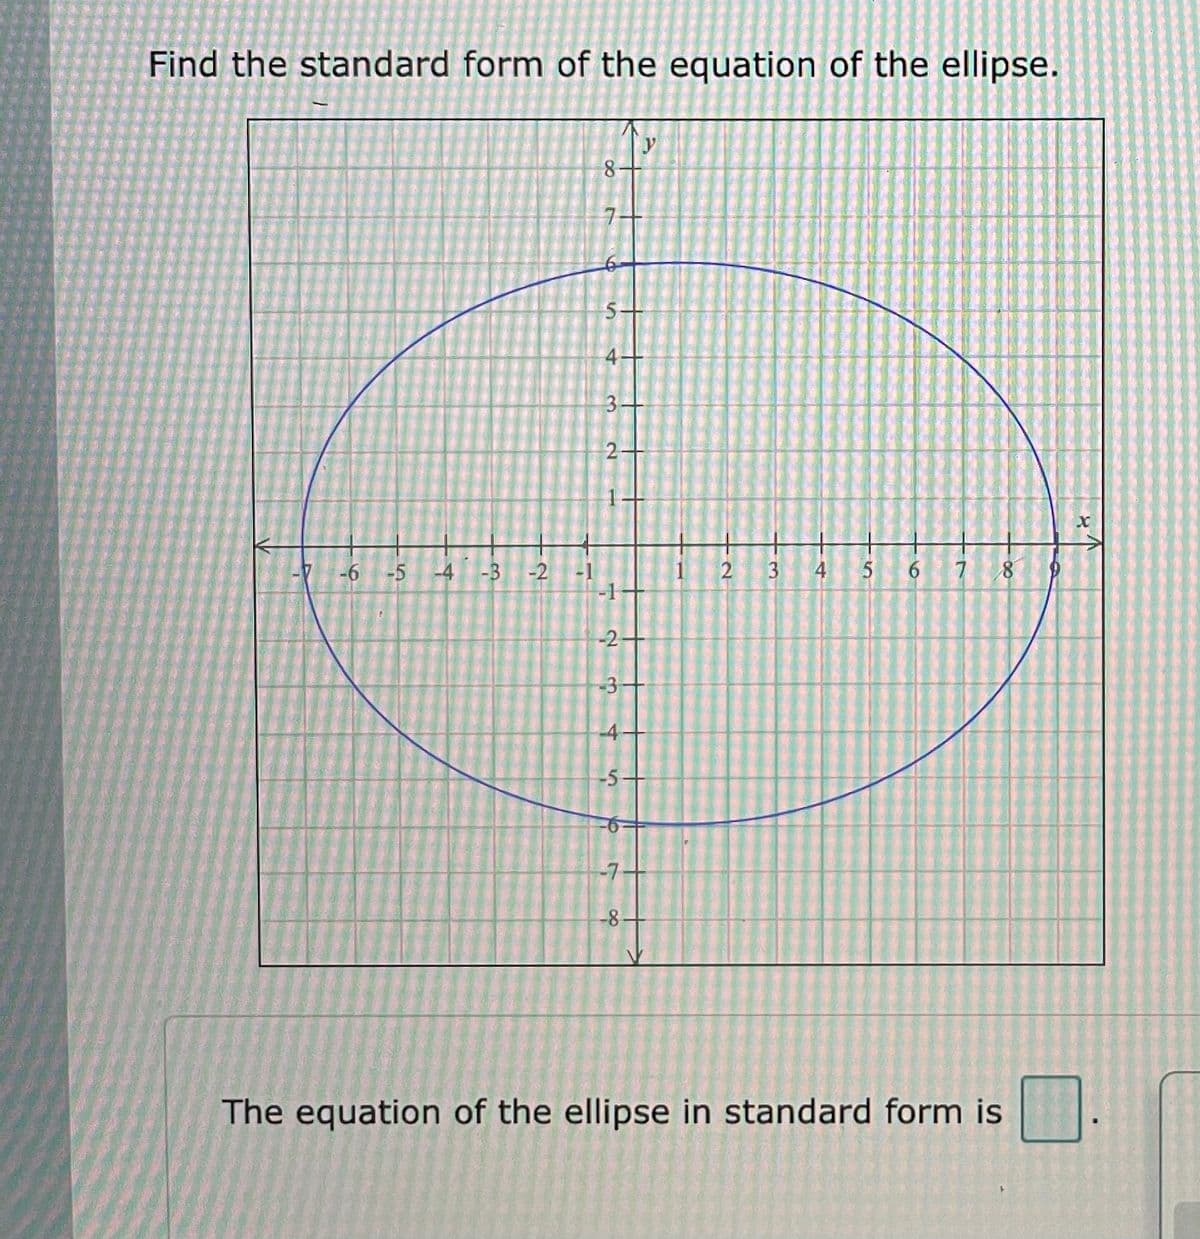 Find the standard form of the equation of the ellipse.
8-
4
3
+++
-4 -3
-2 -1
-1
7 8
-6 -5
4
-2
-3
-4
-5
-7
-8
The equation of the ellipse in standard form is

***

Everything but the pictures is needed: copy the data above exactly.

 Find the standard form of the equation of the ellipse.
8-
4
3
+++
-4 -3
-2 -1
-1
7 8
-6 -5
4
-2
-3
-4
-5
-7
-8
The equation of the ellipse in standard form is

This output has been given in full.